> [Assigned task]:
Leave every image out, and print the remaining lines below exactly.

> [Material provided]:

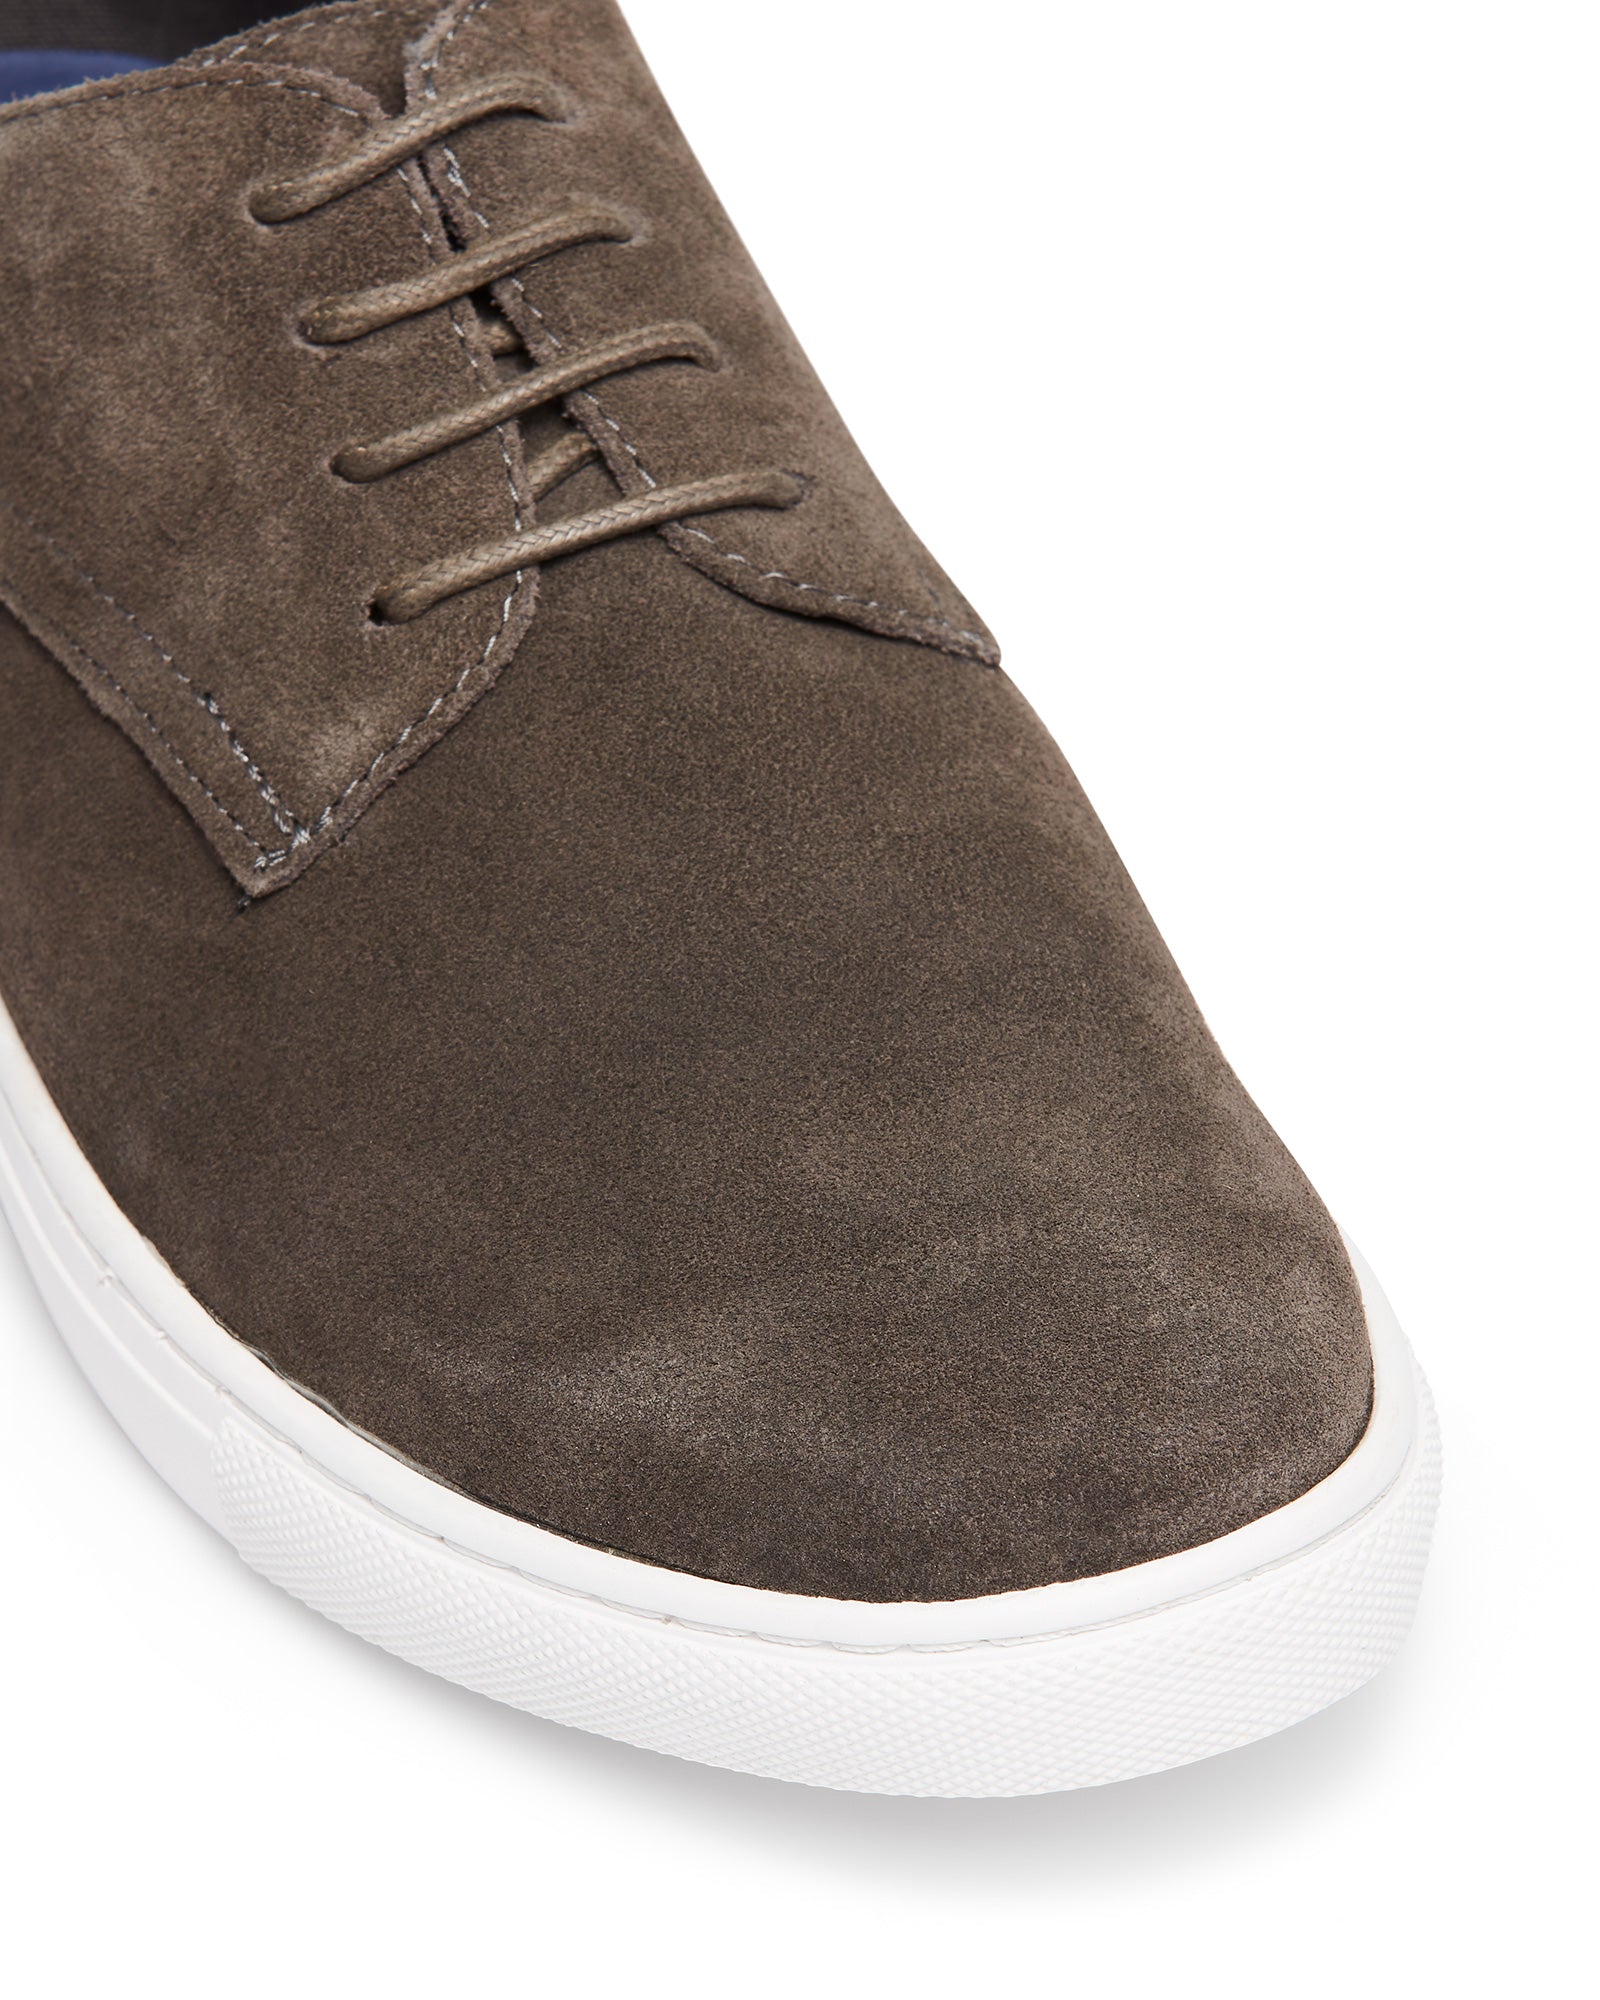 Uncut Shoes Riptide Grey | Men's Sneaker | Low Top | Lace Up | Leather
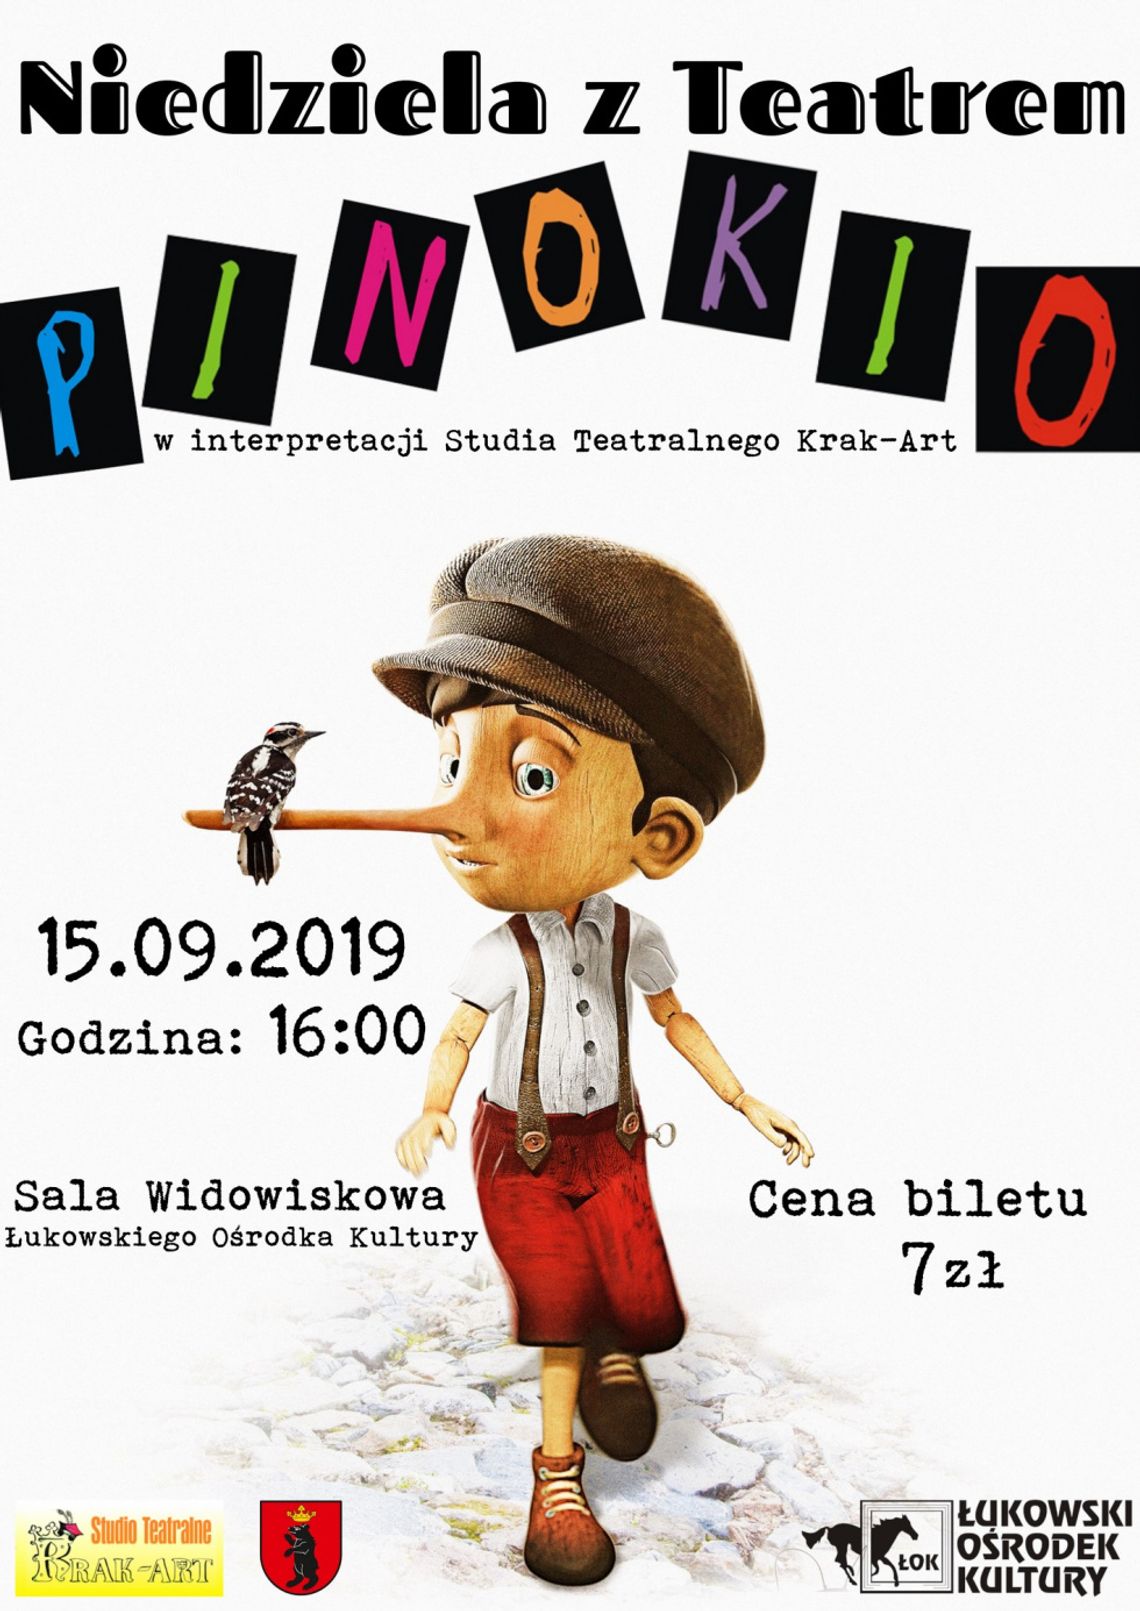 Niedziela z Teatrem "Pinokio"
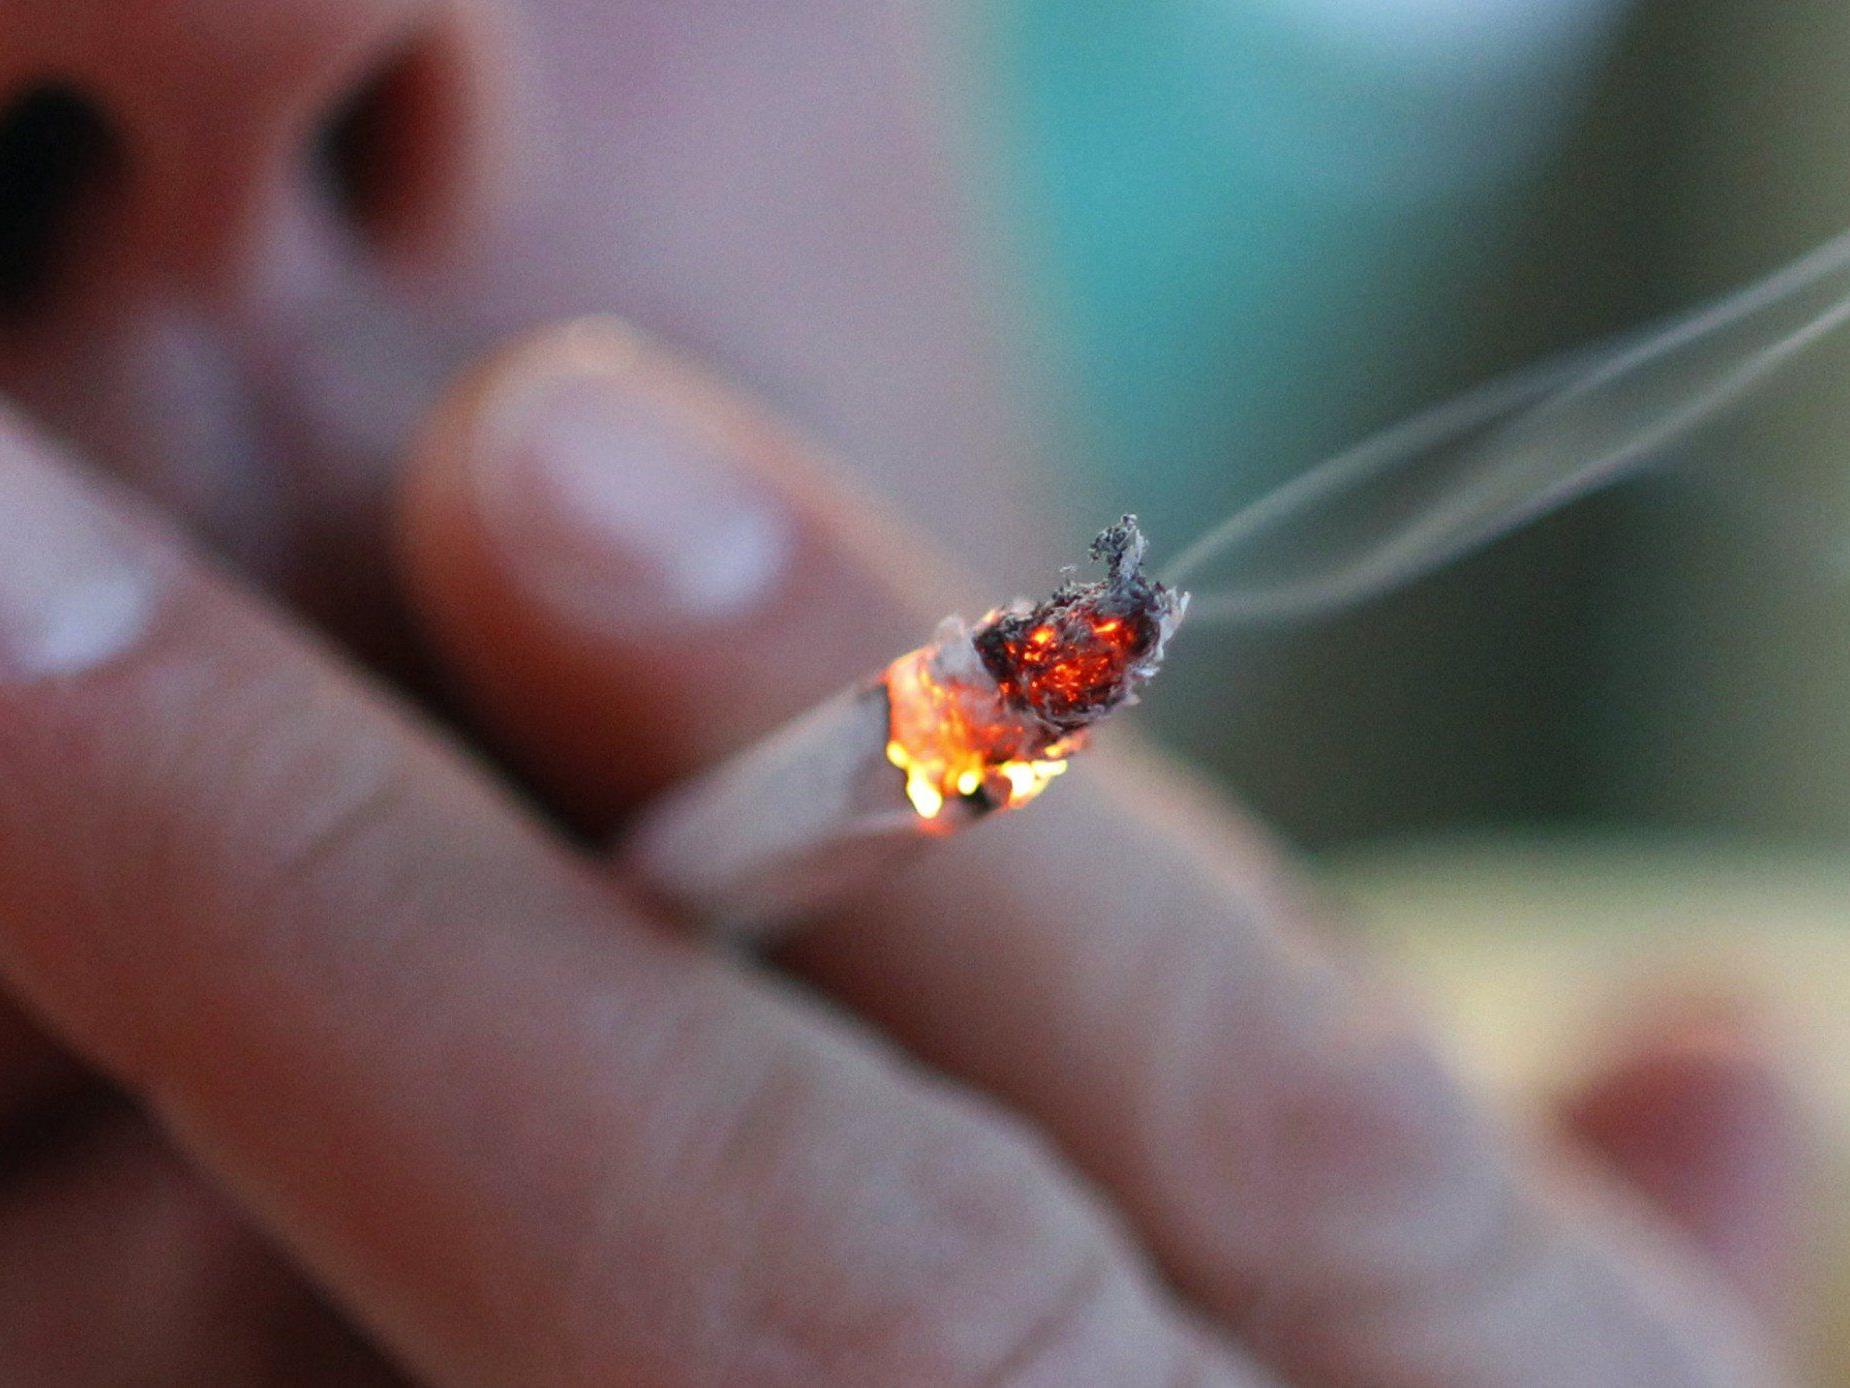 Weggeworfene Zigarette setzt Ladung von PicUp in Brand.

> [Result for this exercise]:
 Uncut Shoes Riptide Grey | Men's Sneaker | Low Top | Lace Up | Leather
 Niedziela z Teatrem "Pinokio"
 Weggeworfene Zigarette setzt Ladung von PicUp in Brand.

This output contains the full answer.